La situation libanaise semble différente de l’algérienne, car ayant déjà vécu la confrontation linguistique (arabe-français) dans les années soixante, soixante-dix, et où il était question d’arabisation. La politique étatique libanaise, de non intervention, basée sur la liberté d’enseignement a favorisé une approche plus stratégique et plus commode vis-à-vis de ce pays multiculturel. Les discours, sur les langues, de nos jours, ont tendance à présenter le plurilinguisme libanais en tant que richesse qui s’ajoute à la base originelle arabe de ce peuple. La présentation de la revue Annales de la Faculté des Lettres et des Sciences Humaines, de l’Université de Balamand, N°7, 1998, 9-10, nous offre un résumé assez succinct de la position libanaise face à la langue française, où en premier lieu les auteurs revendiquent leurs Libanité, puis leurs Arabités et enfin de compte leurs francophonies, nous pourrons y lire :

« La Francophonie n'est pas, pour nous, une composante fondamentale et essentielle de notre personnalité nationale et encore moins culturelle. Notre profil identitaire ne perdrait pas grand chose si la Francophonie venait un jour, pour une raison quelconque, à s'éclipser de notre univers vital. […] A base d'une Libanité ouverte et libérale qui puise sa raison d'être - pour éviter de dire son identité - dans un fonds d'Arabité culturelle dynamique et riche, nous traitons, à l'instar de tous ces peuples qui ont occupé ce rivage oriental de la Méditerranée, avec le monde entier, qu'il soit situé outre-mer ou outre atlantique, avec beaucoup de tolérance et sans complexes. Cependant, nous sommes francophones et heureux de l'être. Car, l'ingratitude n'étant pas notre fort, nous sommes loin de méconnaître à la Francophonie son apport dans la formation de notre personnalité et la place qu'elle occupe dans notre univers culturel et imaginaire moderne. Il n'est plus permis de tenir avec la Francophonie des comptes d'apothicaire. […] Le français n'est pas chez nous une masse bavarde et verbeuse, mais une intelligence productrice de formes de pensées culturelles. A la différence des autres langues pratiquées par les libanais, le français a pu s'introduire dans les fines nervures de notre personnalité tant affective qu'intellectuelle. Il a inspiré des poètes, des romanciers, des philosophes, des historiens, des dramaturges, des artistes... mais aussi des économistes, des hommes de science, des médecins, etc. »

143

Ainsi, selon les prises de positions de spécialistes linguistes, anthropologues, historiens, universitaires et politiciens, il convient de dire que le Liban a su procéder à une distanciation avec le fait historique (mandat français) et profite des avantages que peuvent apporter le bilinguisme, cette ouverture sur l’autre à favoriser même une forme de trilinguisme qui n’amoindri en aucune manière le sentiment d’appartenance nationale, et ce qui se traduit par l’importance accordée à l’enseignement des langues étrangères présent dans toutes les couches sociales et toutes les confessions.

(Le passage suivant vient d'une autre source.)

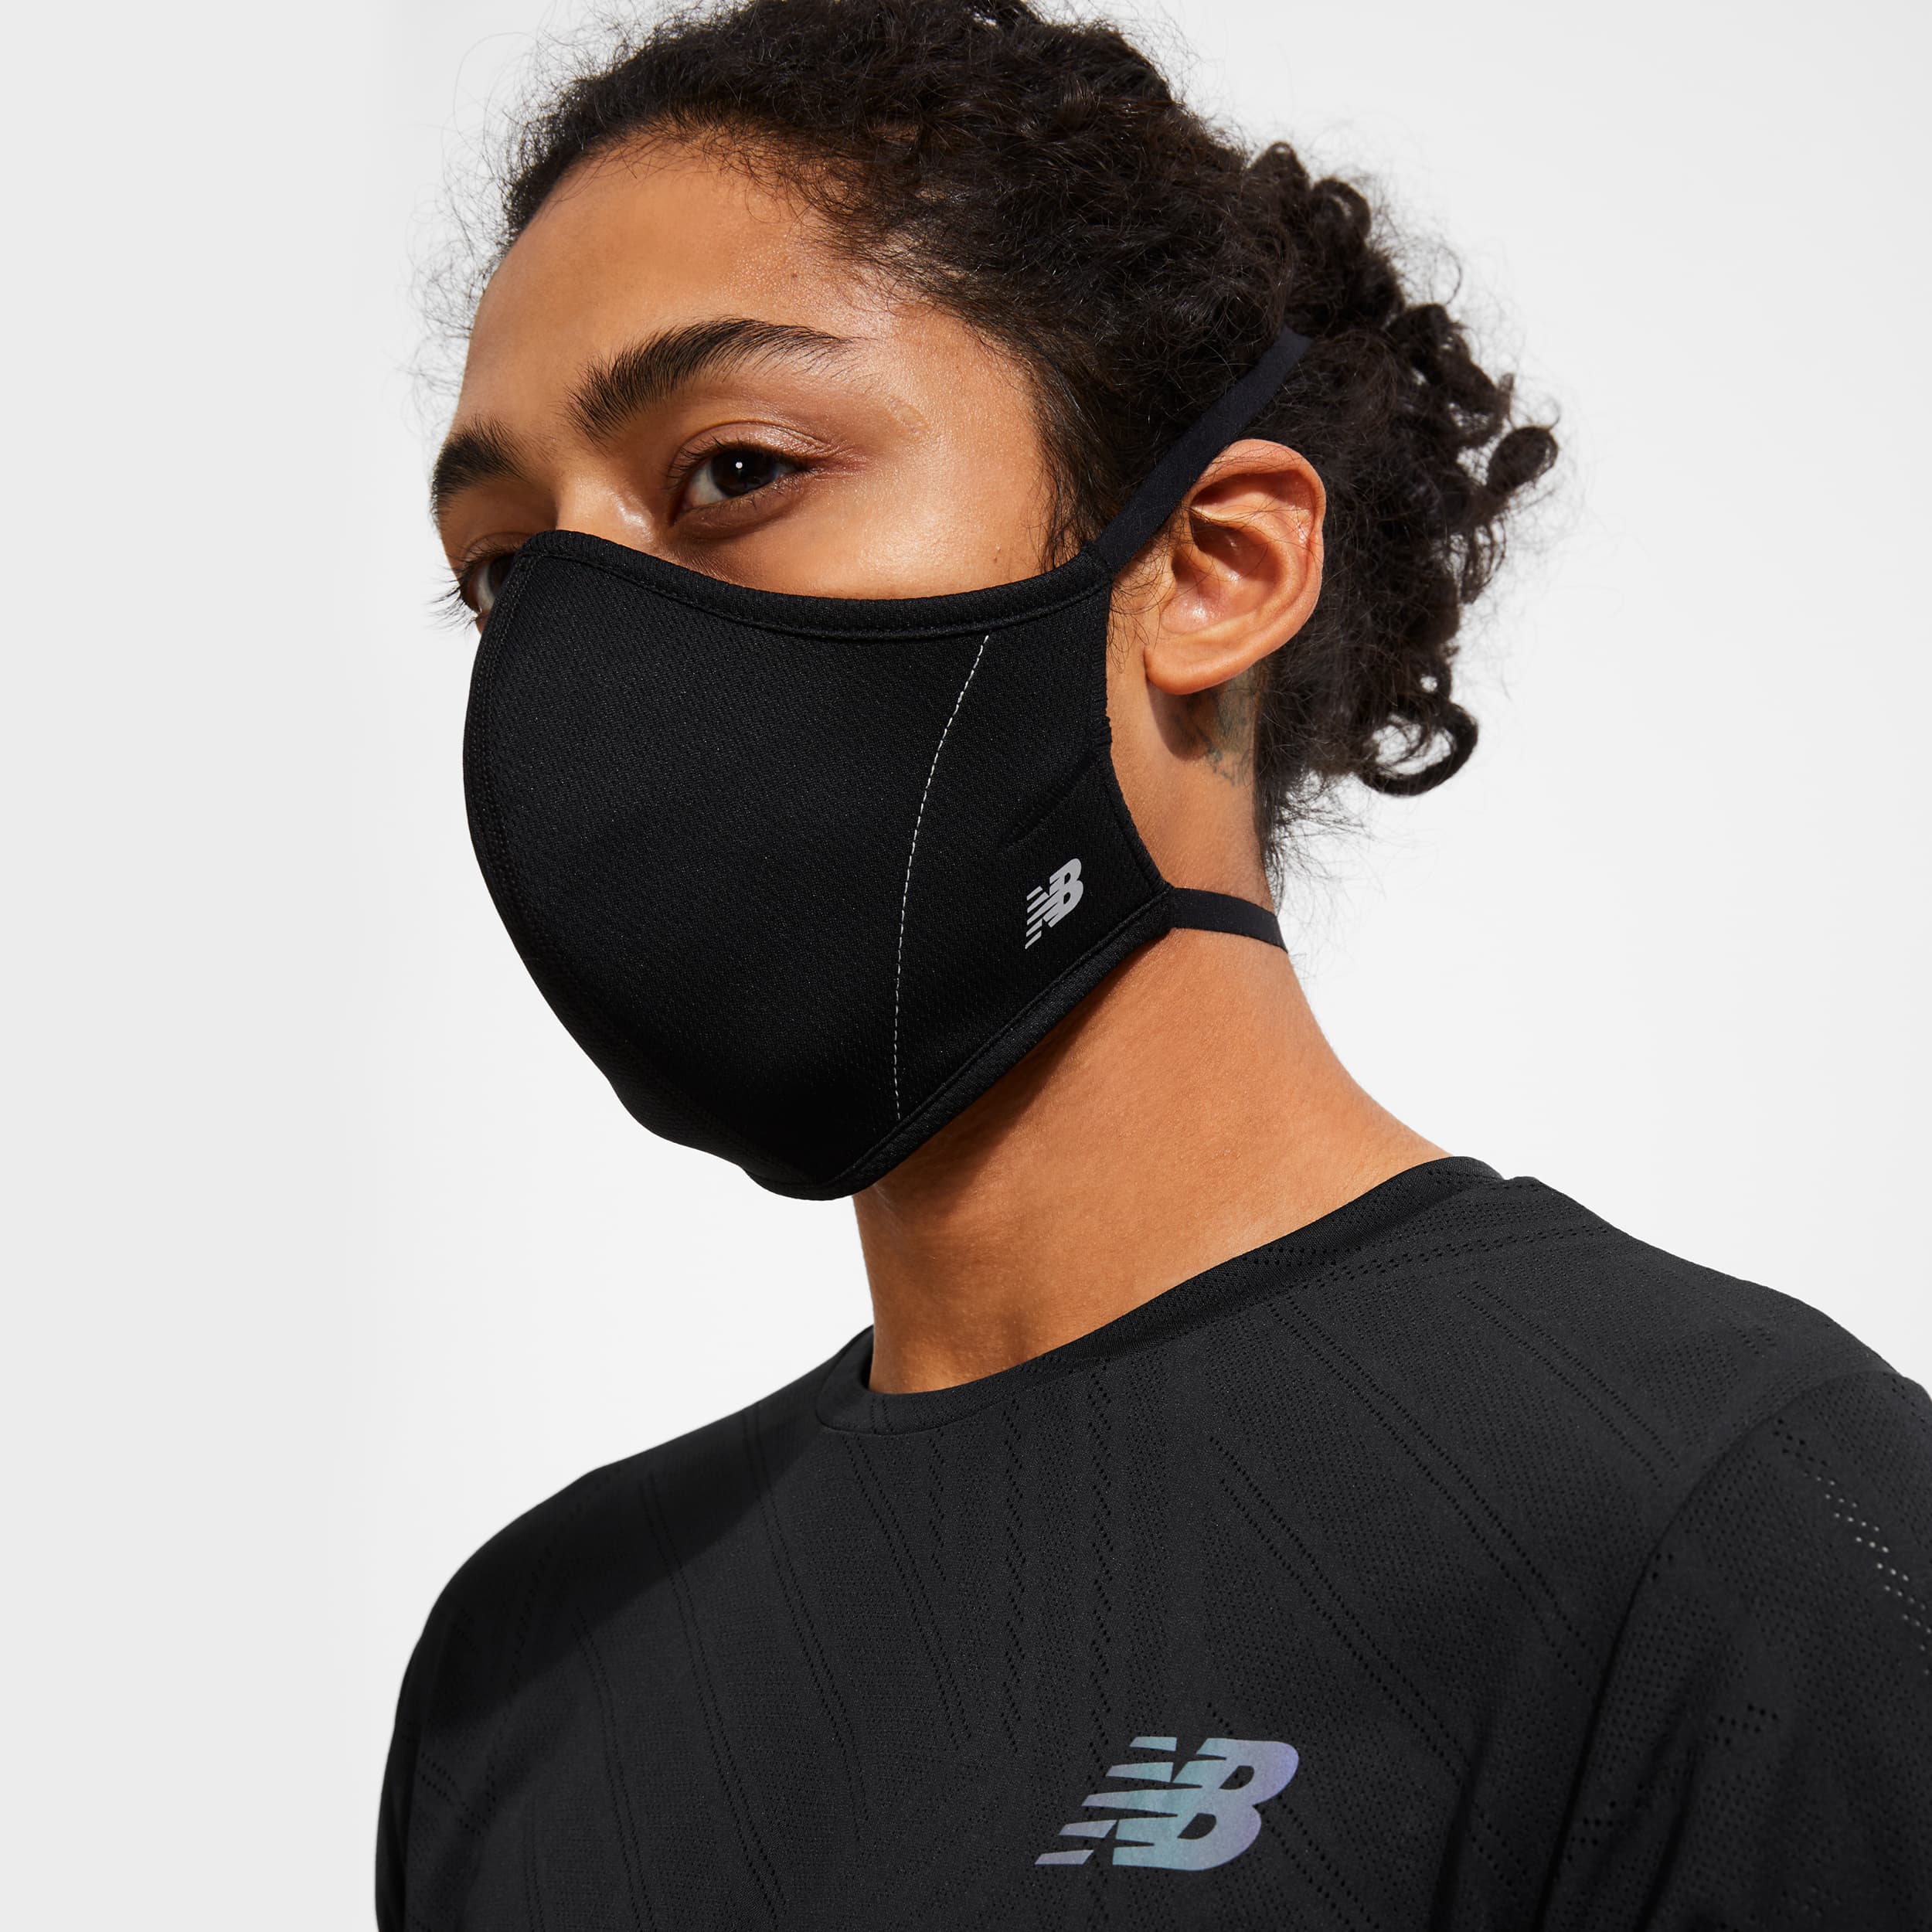 New balance performance mask released for 2021

Face à des climats sociolinguistiques distincts, il serait intéressant de connaitre les répercussions que peuvent avoir ce genre de représentations et images sur les opinions et expériences des jeunes gens, notamment ceux qui se spécialisent en français et qui vont être associés, qu’ils le veulent ou non, à la langue française, c’est ce que nous allons présenter dans les chapitres suivants qui porteront sur la présentation et l’analyse des résultats de notre recherche.